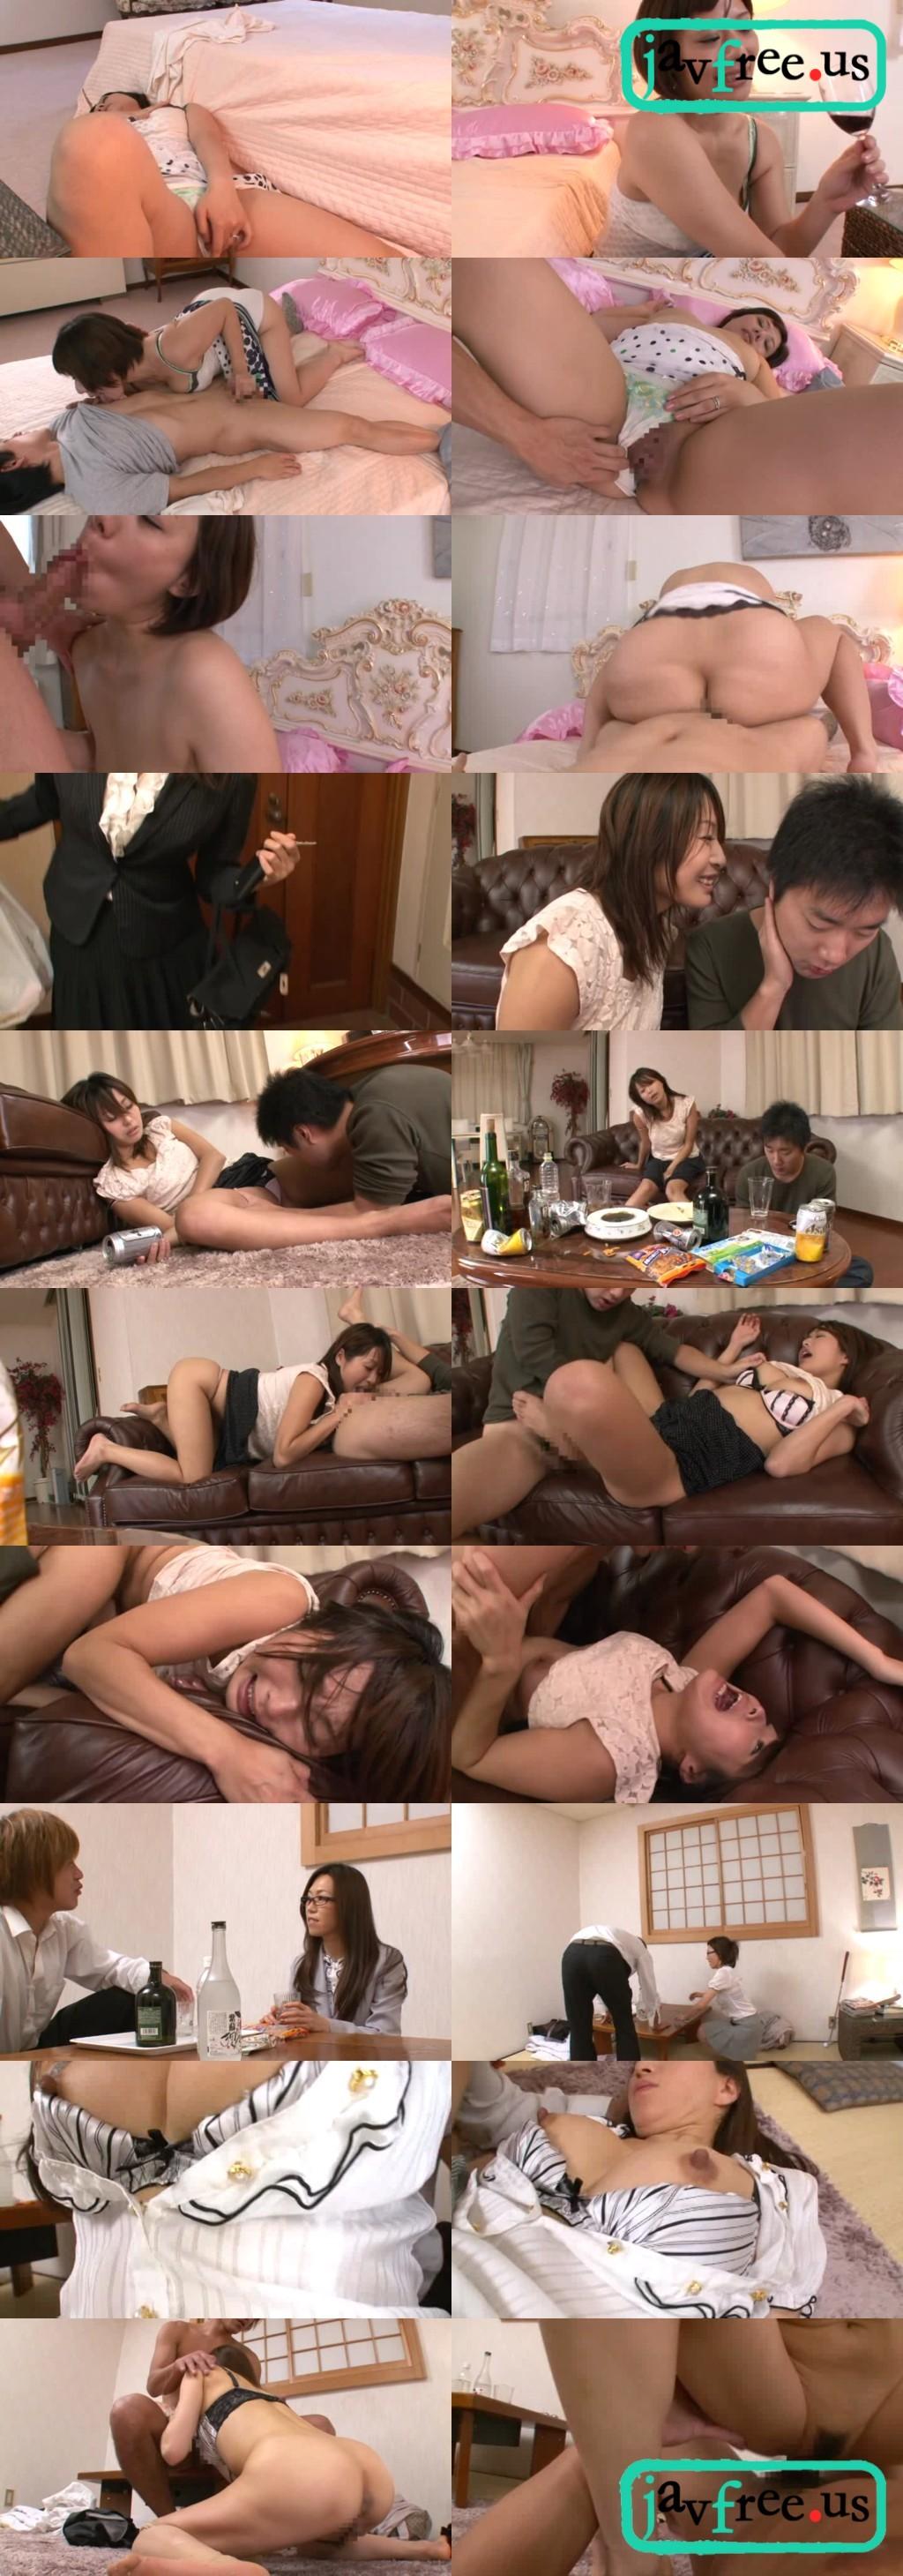 [NCYY-002] 欲求不満な人妻をちょっと酔わせたら… 2 - image NCYY002 on https://javfree.me
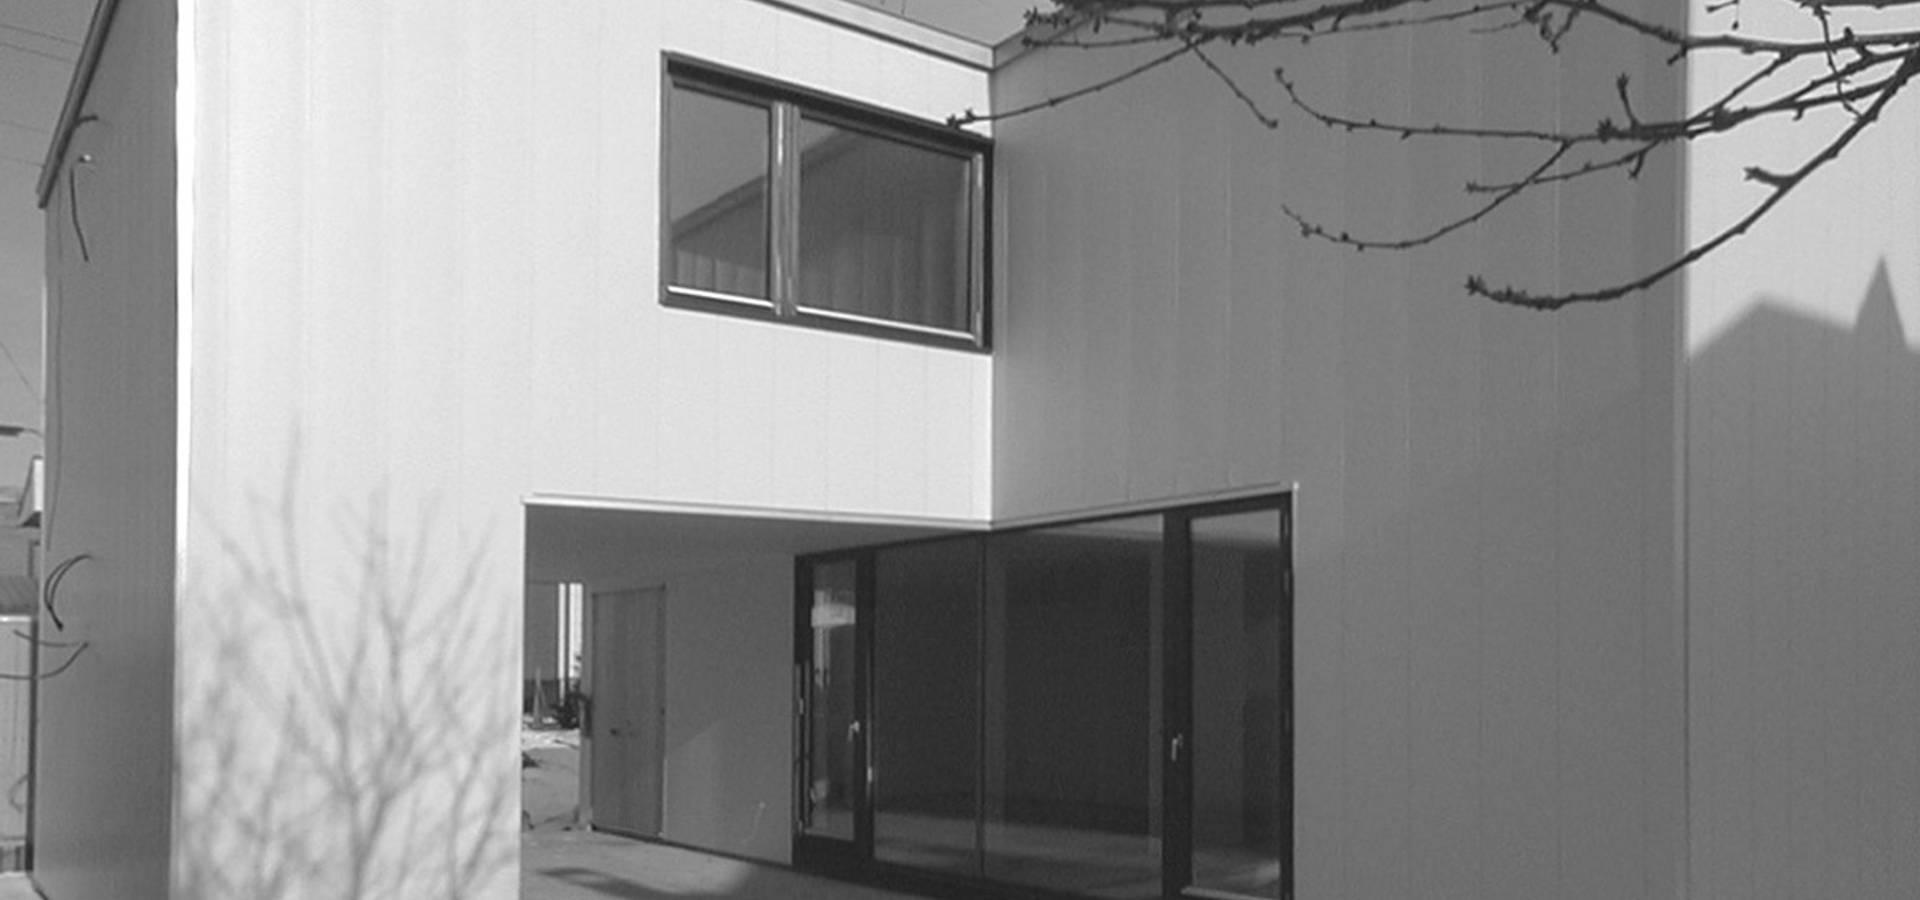 工藤智央建築研究所
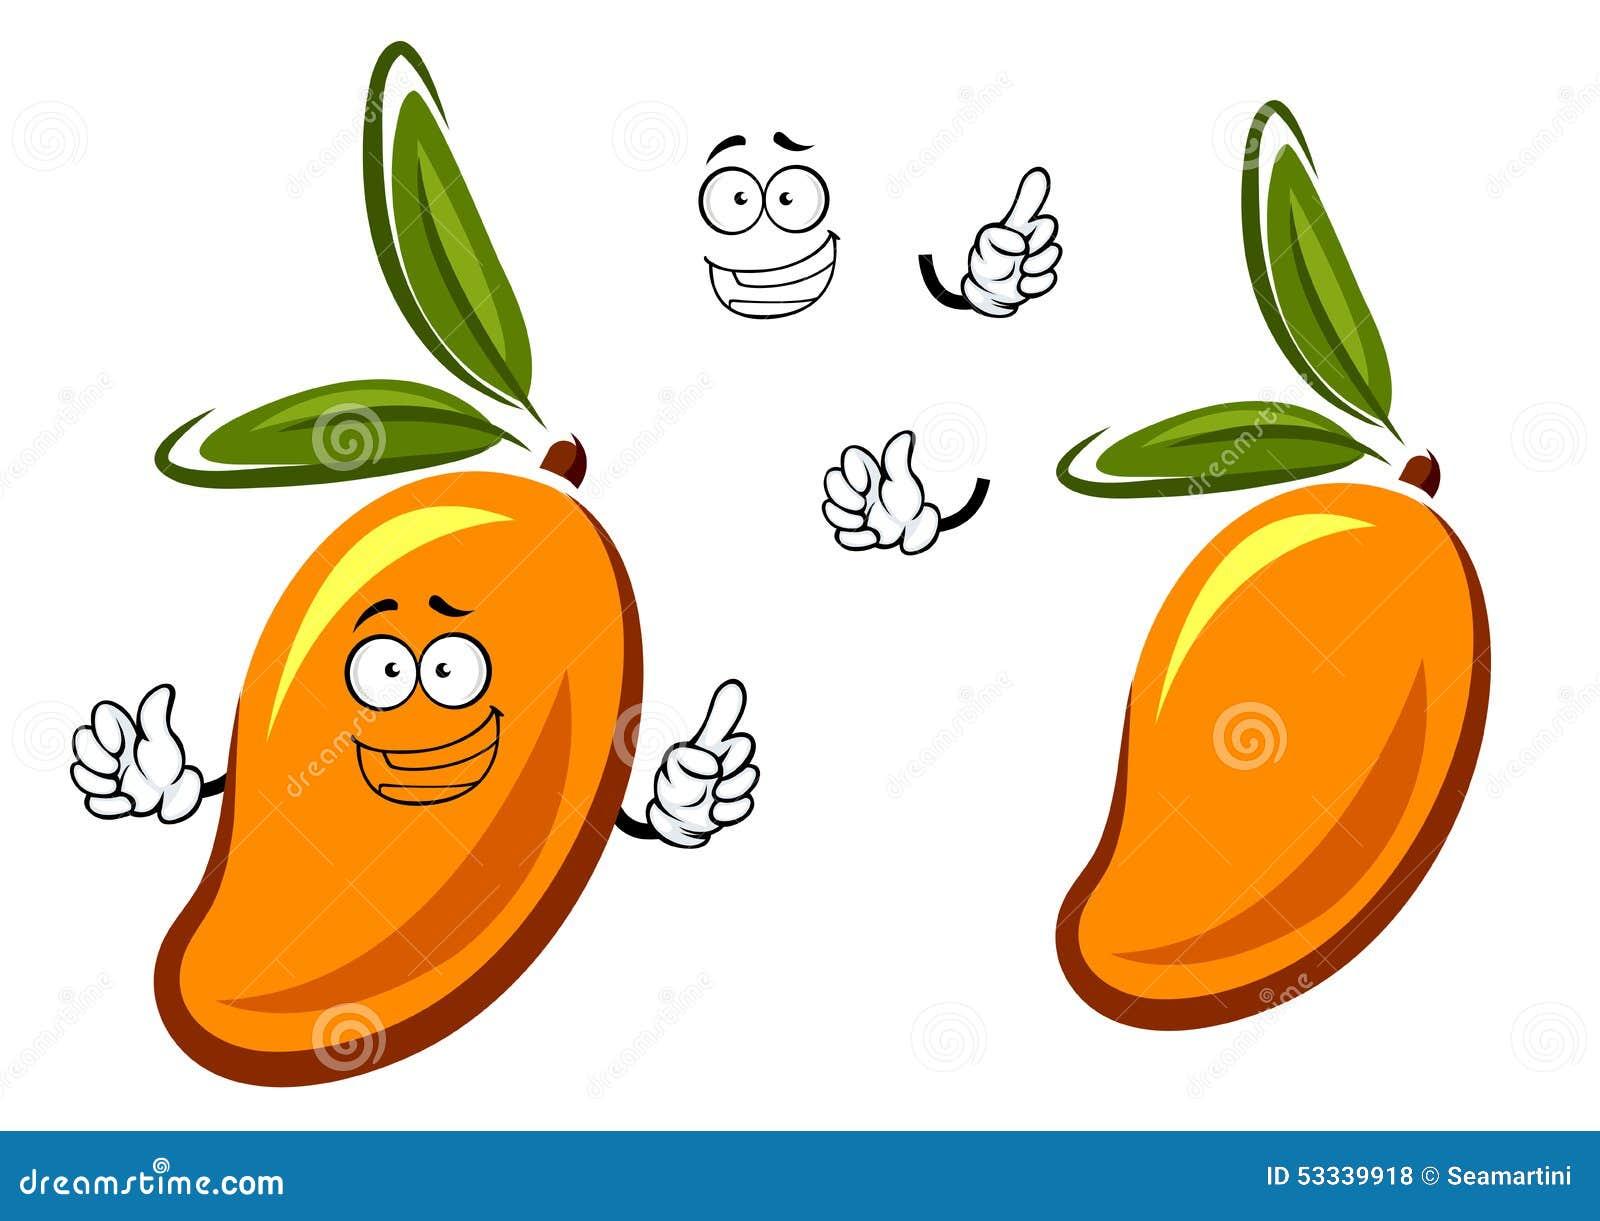 personaje de dibujos animados de la fruta del mango de la naranja
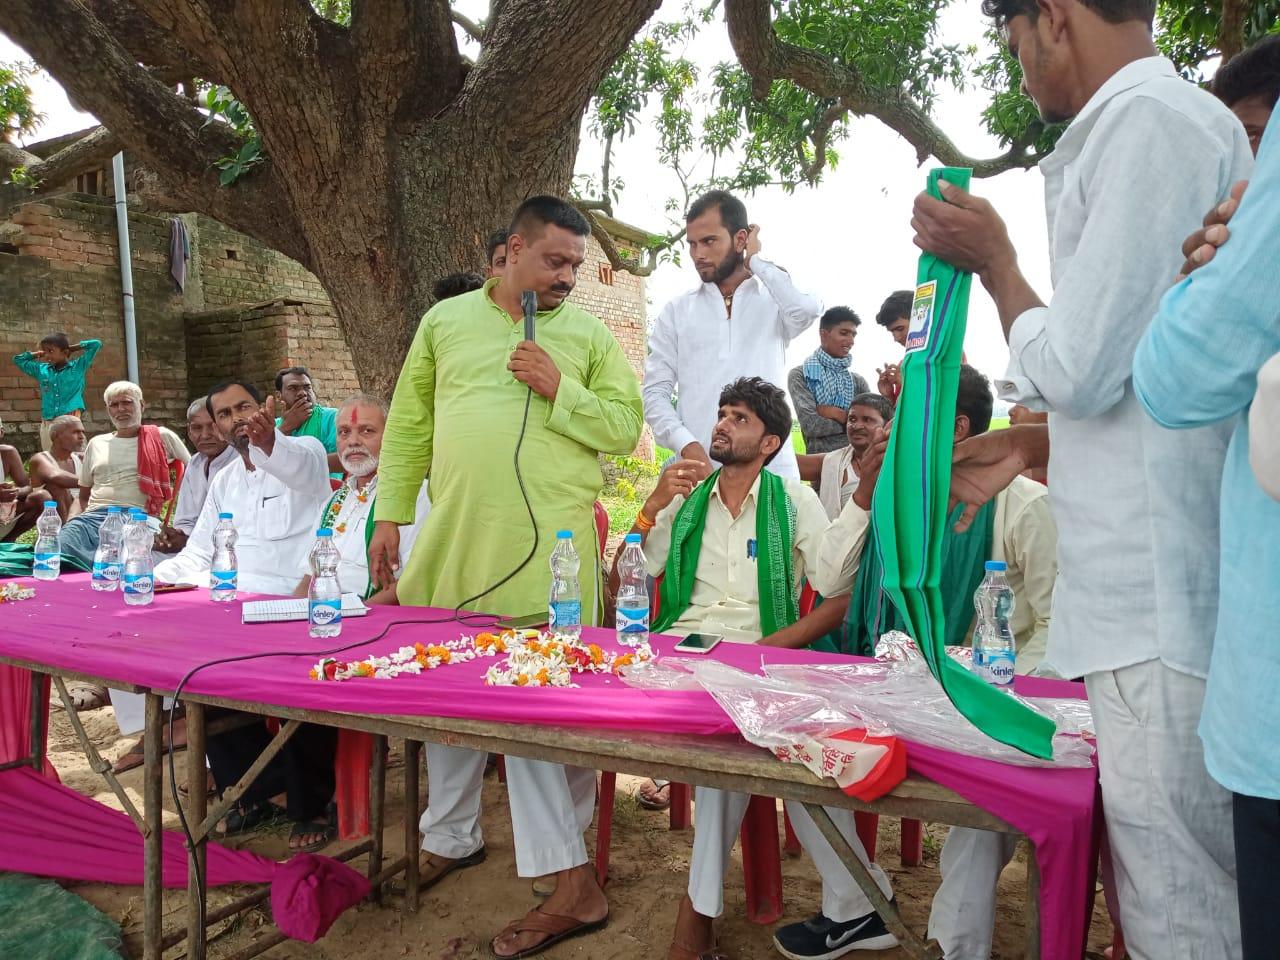 एनडीए सरकार में स्वास्थ्य और शिक्षा चौपट: रवि यादव

Work required: All the lines above need to be repeated exactly, with no pictures carried over.

Solution for this task:
 [NCYY-002] 欲求不満な人妻をちょっと酔わせたら… 2 - image NCYY002 on https://javfree.me
 工藤智央建築研究所
 personaje de dibujos animados de la fruta del mango de la naranja
 एनडीए सरकार में स्वास्थ्य और शिक्षा चौपट: रवि यादव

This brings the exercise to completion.